The MSA data set was divided into 10,000 different learning and test sets of equal size. The value of α which produces the maximal median percent of AUC improvement in accuracy of contact prediction was obtained for each learning set and then used to assess the median percent of AUC improvement for the corresponding test set. The distributions of the median percent of improvement obtained for the test sets are shown for OMES, MI, DCA and PSICOV. The mean values of these test sets distributions obtained using the different methods are similar to those of their learning sets, thus, showing that the improvement is not due to over-fitting. In the case of OMES, MI and DCA, the mean difference between the values of α which maximizes the median of the percent of AUC improvement for the learning and test sets equals zero, thus, reflecting the stability of the values of α. In the case of PSICOV, the variance of that difference is high due to the asymptotic nature of the median percent of AUC improvement as a function of α.
 
              Improvement in contact prediction as a function of the distance used to define a physical contact.

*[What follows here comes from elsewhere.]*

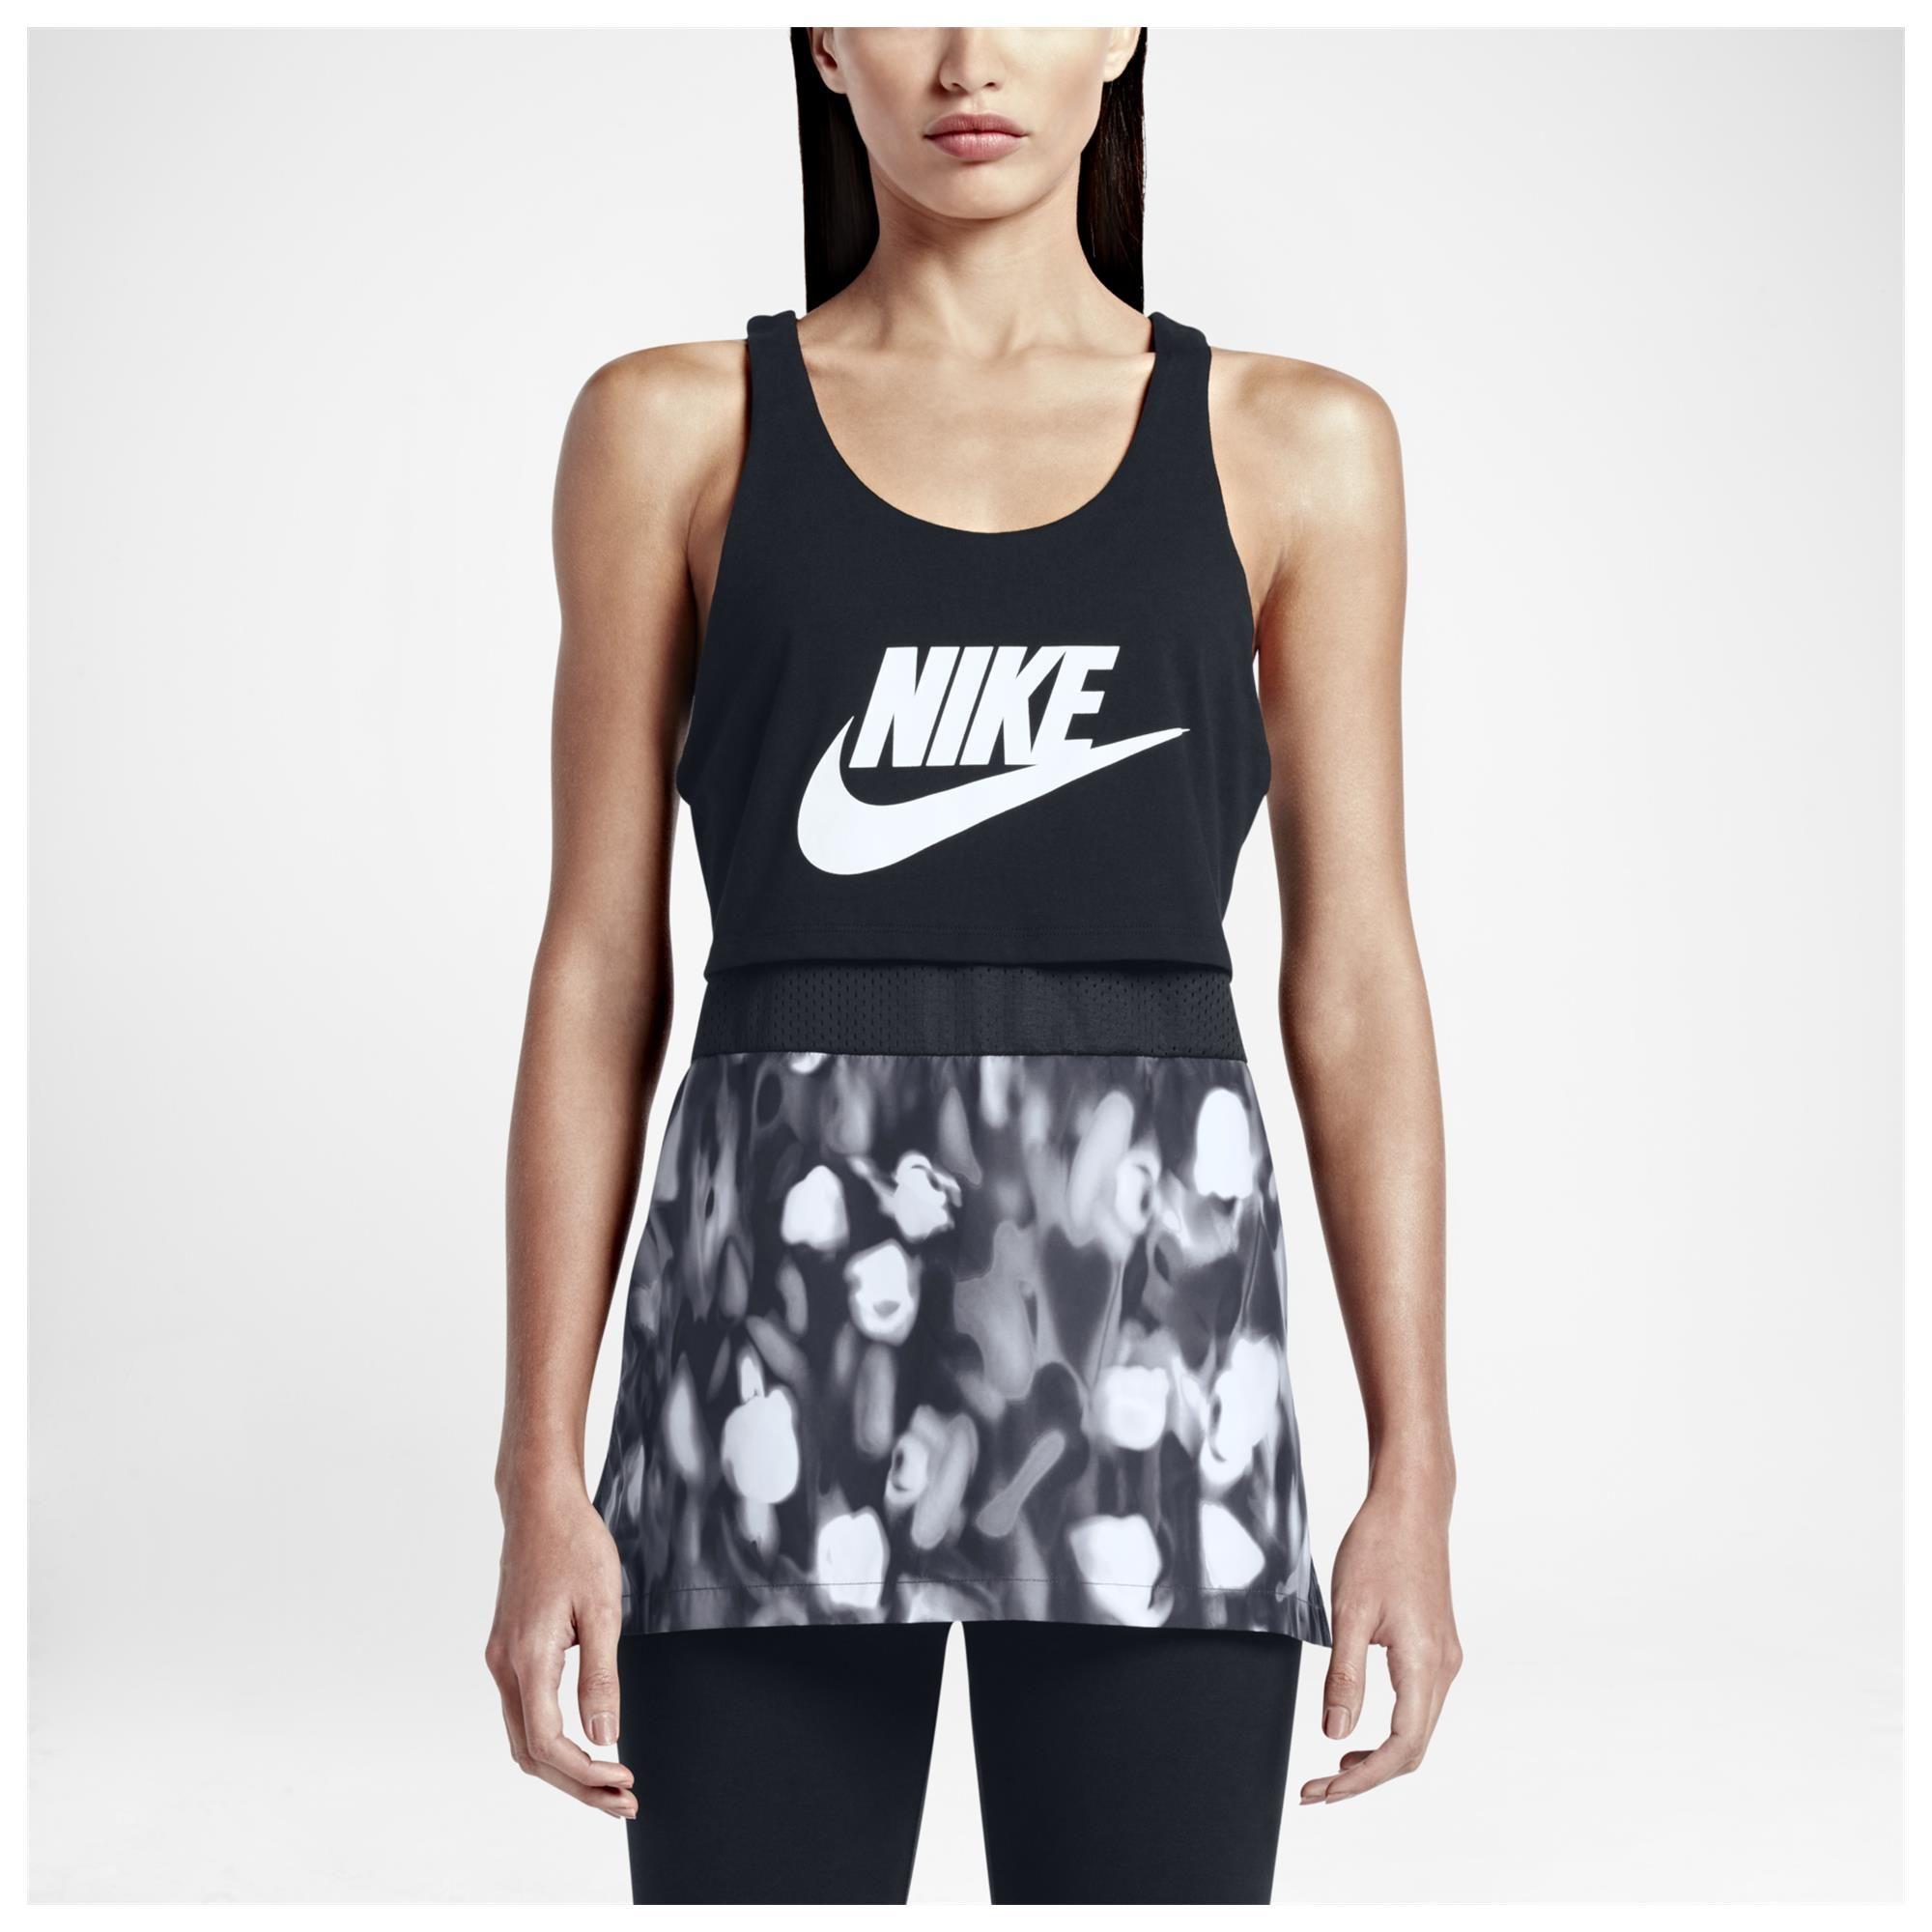 Camiseta Regata Nike AOP Graphic Feminina   Nike

The mean of the extent of improvement in contact prediction for 114 domains (or 86 in the case of PSICOV) is plotted as a function of the distance that must exist between two Cβ atoms in different residues in order for them to be defined as being in contact. The extent of improvement was determined by calculating the difference in the areas under the curves of prediction accuracy vs number of predictions by OMES, MI, DCA and PSICOV with and without incorporation of the codon data normalized by the area under the curve generated without codon data. The analysis was done for domains of length between 200 and 500 residues and at least 2000 coding sequences in their MSA. The contact predictions were made for the seven sequences with available crystal structures that have the highest resolution and that in all cases is <3 Å.
 
              Added value of combining amino acid and codon data in contact prediction by DCA illustrated for Kex1Δp, a prohormone-processing carboxypeptidase from Saccharomyces cerevisiae.

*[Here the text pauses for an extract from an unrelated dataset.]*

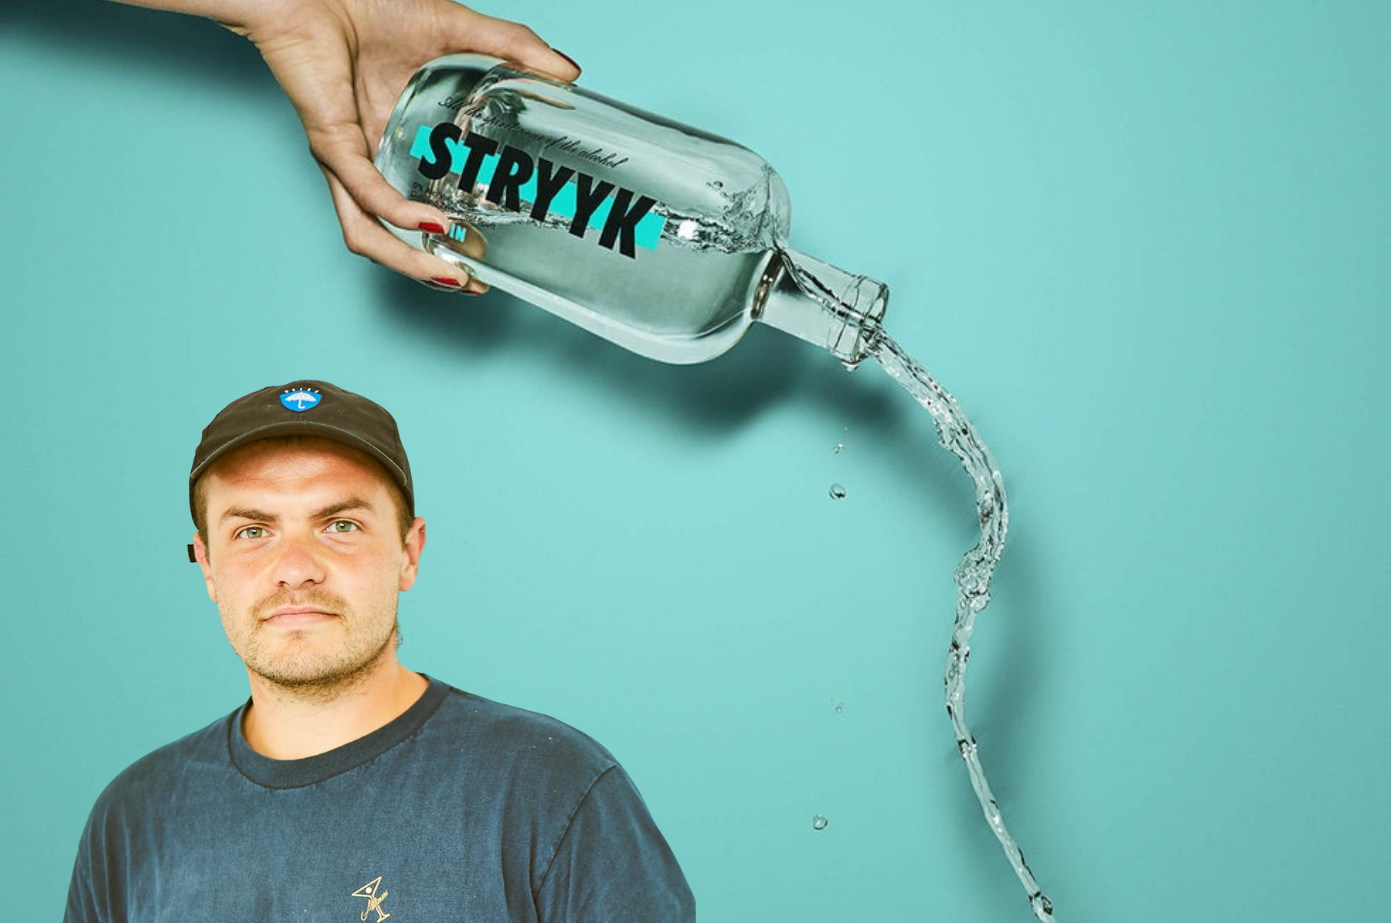 Tom Glover from STRYYK and a bottle of STRYYK Not Gin

(A) Contact map of the structure of Kex1Δp (PDB ID: 1AC5) in which all the contacts are shown as gray rectangles. Residues were defined as being in contact if the distance between their Cβ atoms (Cα for glycine) is ≤8 Å. The top 100 predictions of contacts made with or without incorporating codon data are highlighted above (in red) and below (in green) the diagonal, respectively, and those predicted by both methods by black circles. (B) The crystal structure of Kex1Δp with predicted contacts highlighted. Only true predicted contacts that were not predicted by the original method are highlighted. Each contacting pair has a different color. The contacts were predicted using an MSA with 1877 coding sequences with a length of 415 codons. The magnified region shows some long-range contacts between different secondary structure elements that are predicted only when also the codon data is used.
 
              Illustration for four proteins of added value of combining amino acid and codon data in contact prediction by DCA.
All the contacts are shown as gray rectangles. Residues were defined as being in contact if at least one inter-atomic distance between their Cβ atoms (Cα for glycine) is ≤8 Å. The top 100 predicted contacts made with or without incorporating codon data are highlighted above (in red) and below (in green) the diagonal, respectively, and those predicted by both methods by black circles. 1BAG_A—contact map of the structure of alpha-amylase from Bacillus subtilis (Pfam id: PF00128). 1Z63_A—contact map of the structure of Sulfolobus solfataricus SWI2/SNF2 ATPase core (Pfam id: PF00176). 1AQU_A—contact map of the structure of mouse estrogen sulphotransferase (Pfam id: PF00685). 1GW6_A—contact map of the structure of human leukotriene A4 hydrolase (Pfam id: PF01433).